2025 has been a good year for the box office of China’s cinemas. By October they’ve already surpassed box office takings from the previous year. The record was broken on the afternoon of the 2nd October when numbers reached RMB 42.5 billion (about US $5.98 billion) in ticket sales. With Golden Week – a week-long national holiday, traditionally a good time for cinema ticket sales – just getting underway, it seems there’s a lot more money to be made before the year is out.
Chinese productions have dominated the market for 2025, making up about 90% of all ticket sales, but Chinese films have also been doing remarkably well on foreign screens too. Here are a few of the big hits:
Ne Zha 2 (哪吒之魔童闹海)
A children’s animation based on the life of the mythical Chinese being. This sequel to 2019’s Ne Zha has been massively successful, quickly becoming the highest-grossing animated film ever, surpassing even Pixar and Disney’s records.
Global box office takings: US $2.2 billion
Detective Chinatown 1900 (唐探1900)
This murder mystery is the fourth installment of the Detective Chinatown series. It follows protagonists Qin Fu and Ah Gui’s investigation of a murder in San Fransico’s Chinatown.
Global box office takings: USD $471.5 million
Dead to Rights (南京照相馆)
A historical drama about the 1937 Nanjing Massacre.
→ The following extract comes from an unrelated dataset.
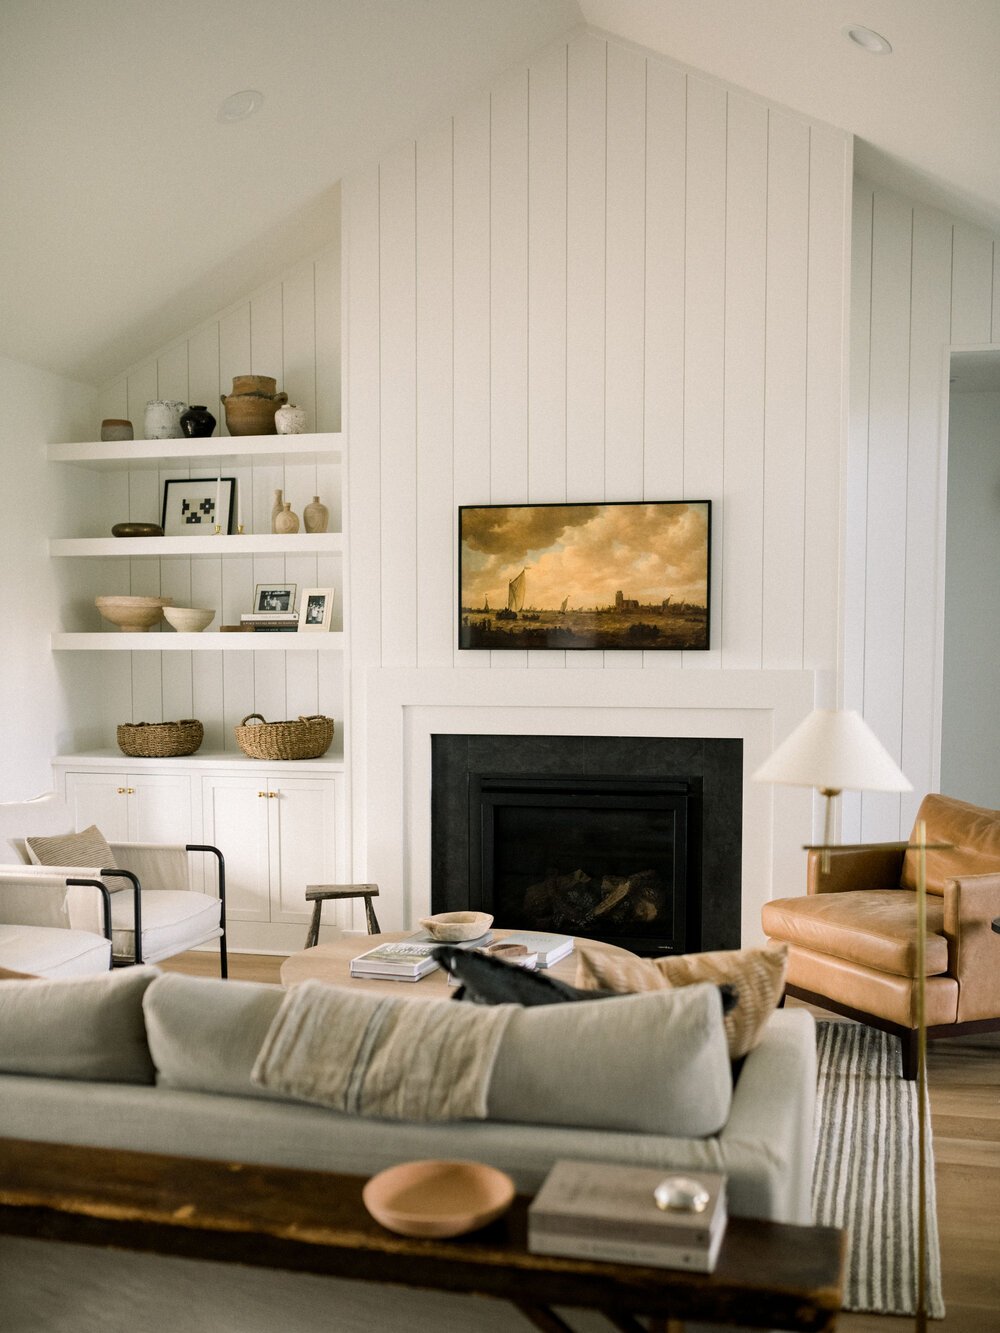 10 Stunning Ideas For Built Ins Around A Fireplace Jenna Kate At Home

Global box office takings: US $372 million
Numbers like these are exciting for China, a country that’s traditionally struggled to garner wide-spread engagement with its cultural exports on the global stage. But the Chinese film industry still has a long way to go. The lion’s share of these grand numbers – over 99% in Ne Zha 2’s case – were made from ticket sales on Chinese screens.
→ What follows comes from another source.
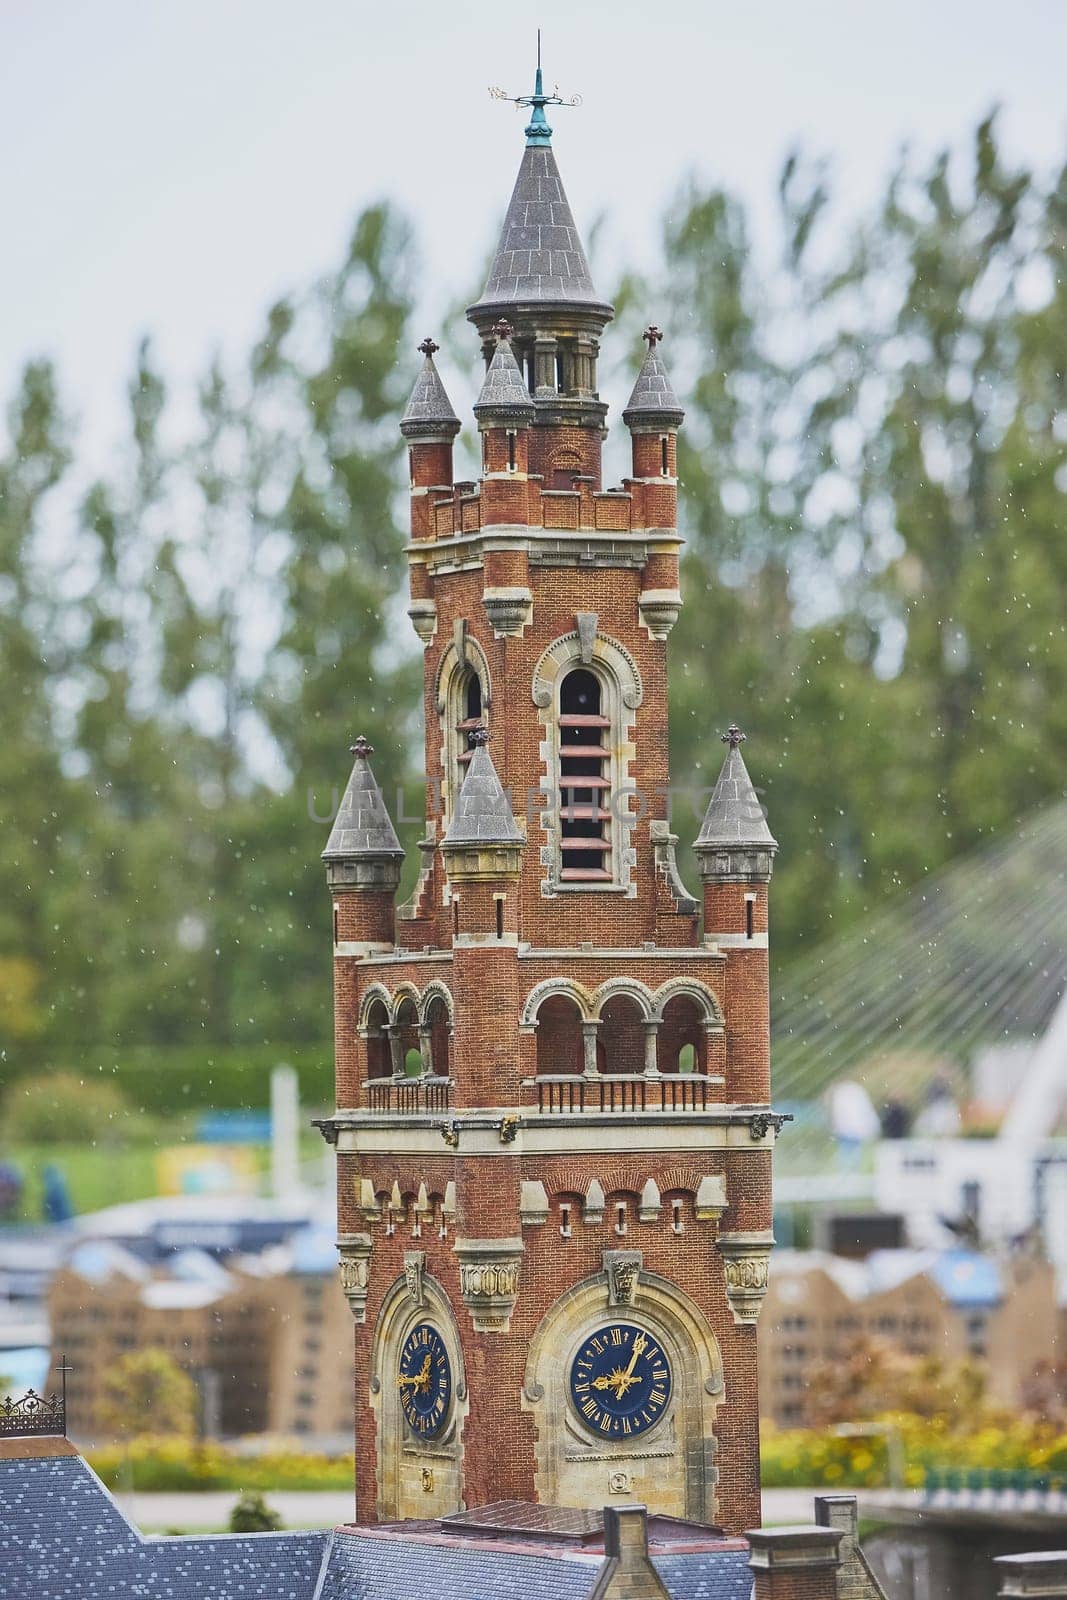 Small clock tower in a miniature city in the Netherlands by Viktor_Osypenko

Domestically these numbers are being boosted by active campaigns to develop a ‘ticket-stub economy.’ This is the type of high-grade consumerism that sees ticket stubs from cultural activities like sports events or cinema trips being used to grab deals and redeem discounts.
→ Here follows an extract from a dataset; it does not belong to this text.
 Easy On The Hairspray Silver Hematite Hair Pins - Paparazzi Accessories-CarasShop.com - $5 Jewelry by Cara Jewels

This year, the National Film Administration and China Media Group jointly launched the China Film Consumption Year. This is essentially a multi-institutional push to leverage the spending power of cinemas in boosting consumption. The ticket-stub economy was a stated part of this initiative. The goal is ultimately to pump a bit of momentum into the Chinese economy. For Chinese cinemas and cinemagoers, it means cheaper tickets, more promotional tie-ins, and a good reason to feast their eyes on the silver screen.